Muniria angustisepala

Scientific classification
- Kingdom: Plantae
- Clade: Tracheophytes
- Clade: Angiosperms
- Clade: Eudicots
- Clade: Asterids
- Order: Lamiales
- Family: Lamiaceae
- Genus: Muniria
- Species: M. angustisepala
- Binomial name: Muniria angustisepala (Munir) N.Streiber & B.J.Conn

= Muniria angustisepala =

- Genus: Muniria
- Species: angustisepala
- Authority: (Munir) N.Streiber & B.J.Conn

Species of shrub

Muniria angustisepala is a flowering plant in the mint family Lamiaceae and is endemic to the Northern Territory. It is an erect shrub with softly hairy, warty leaves and pale yellow, woolly flowers.

==Description==
Muniria angustisepala is shrub which grows to a height of about 2 m and has branches that have four corners in cross-section and are densely hairy. The leaves are elliptic to lance-shaped, 3-7 cm long, 1-2 cm wide, softly hairy, have a wrinkled, blistered upper surface. The leaf stalk is a further 4-10 mm long.

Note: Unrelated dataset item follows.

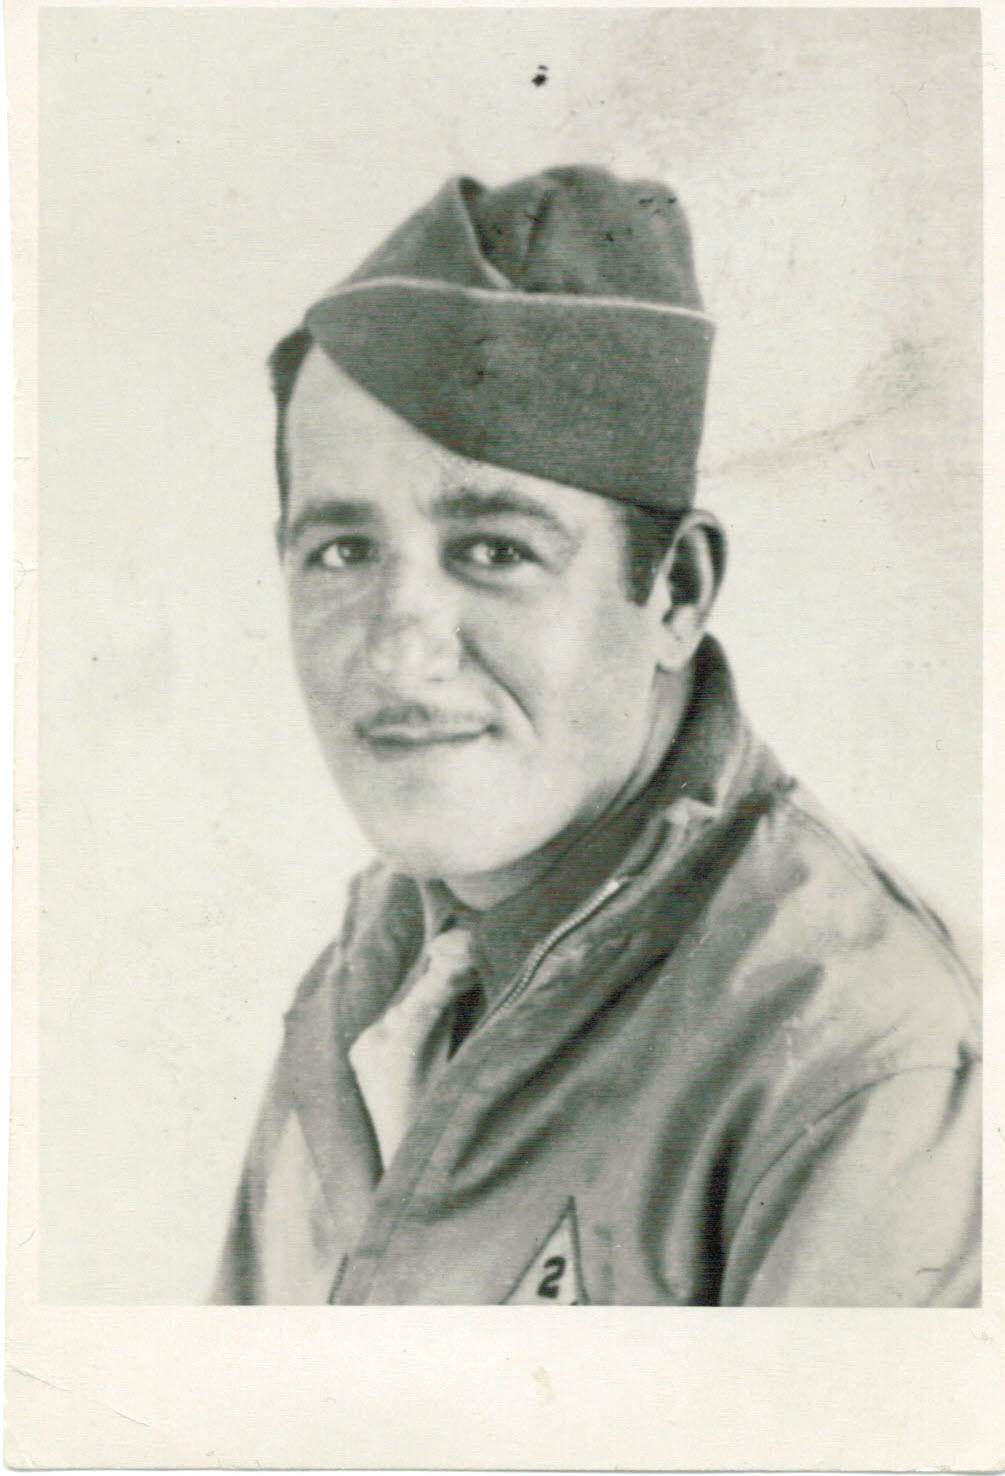 Corporal Ralph Sirico
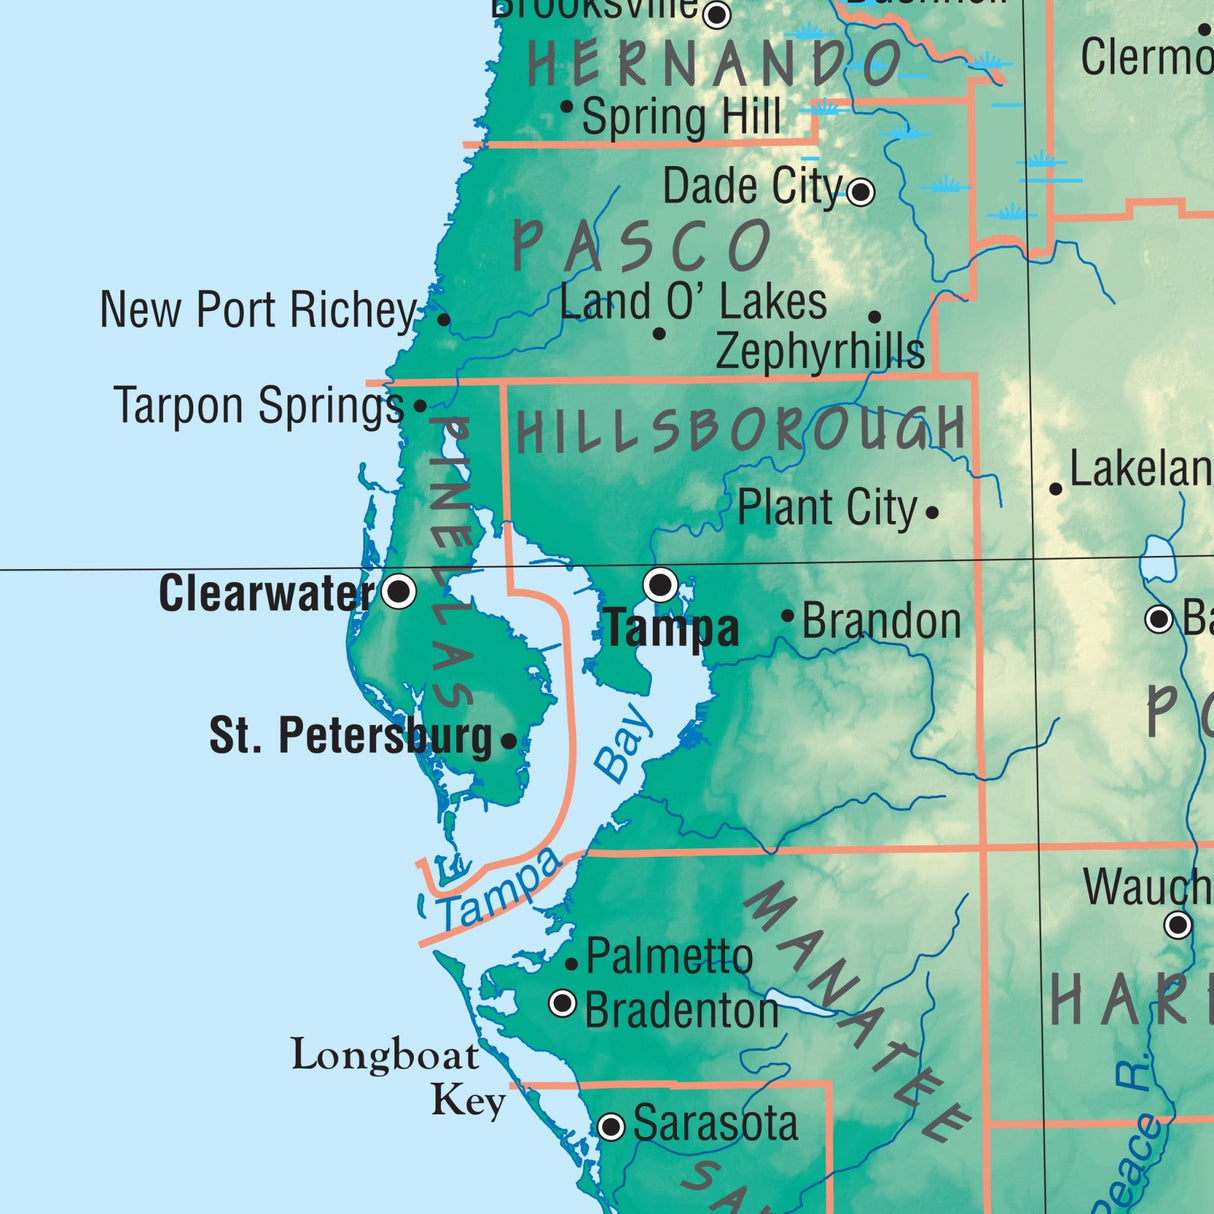 Florida Intermediate Thematic Wall Map - KA-S-FL-INTER-PAPER - Ultimate Globes

The flowers are solitary in groups of up to three in leaf axils on a short, sticky, hairy stalk. There are sticky, hairy bracts and bracteoles at the base of the flower. The five sepals are 13-18 mm long and joined at their bases to form a short tube. The sepals are linear to narrow lance-shaped, sticky and hairy and ribbed on the outside. The petals are pale yellow, 18-25 mm long and joined to form a tube 13-16 mm long, sticky and slightly hairy on the outside but glabrous on the inside except for a dense ring of hairs around the ovary and a few hairs on the largest petal lobe. The petal lobes are broad egg-shaped and about 2.5-5 mm long with the middle lower lobe the largest.
The four stamens extend beyond the end of the tube, the lower pair longer than the upper ones. Flowering occurs from January to September and is followed by fruit which is oblong but with four distinct ridges and has the sepals attached.

==Taxonomy and naming==
This species was first formally described in 1979 by Ahmad Abid Munir from a specimen collected near the UDP Falls (now Gunlom Falls). It was given the name Pityrodia angustisepala and the description was published in Journal of the Adelaide Botanic Gardens. In 2011, Barry Conn, Murray Henwood and Nicola Streiber described a new genus, Muniria and transferred this species to it. The specific epithet (angustisepala) is derived from the Latin word angustus meaning "narrow" and the Neo-Latin sepalum meaning "sepal".

==Distribution==
This species only occurs in northern parts of the Northern Territory, including in Kakadu, Limmen, and Nitmiluk National Parks in the Arnhem Plateau, Darwin Coastal, Gulf Coastal, Gulf Fall and Uplands and Pine Creek biogeographic regions.

==Conservation==
Muniria angustisepala is classified as "least concern" under the Territory Parks and Wildlife Conservation Act.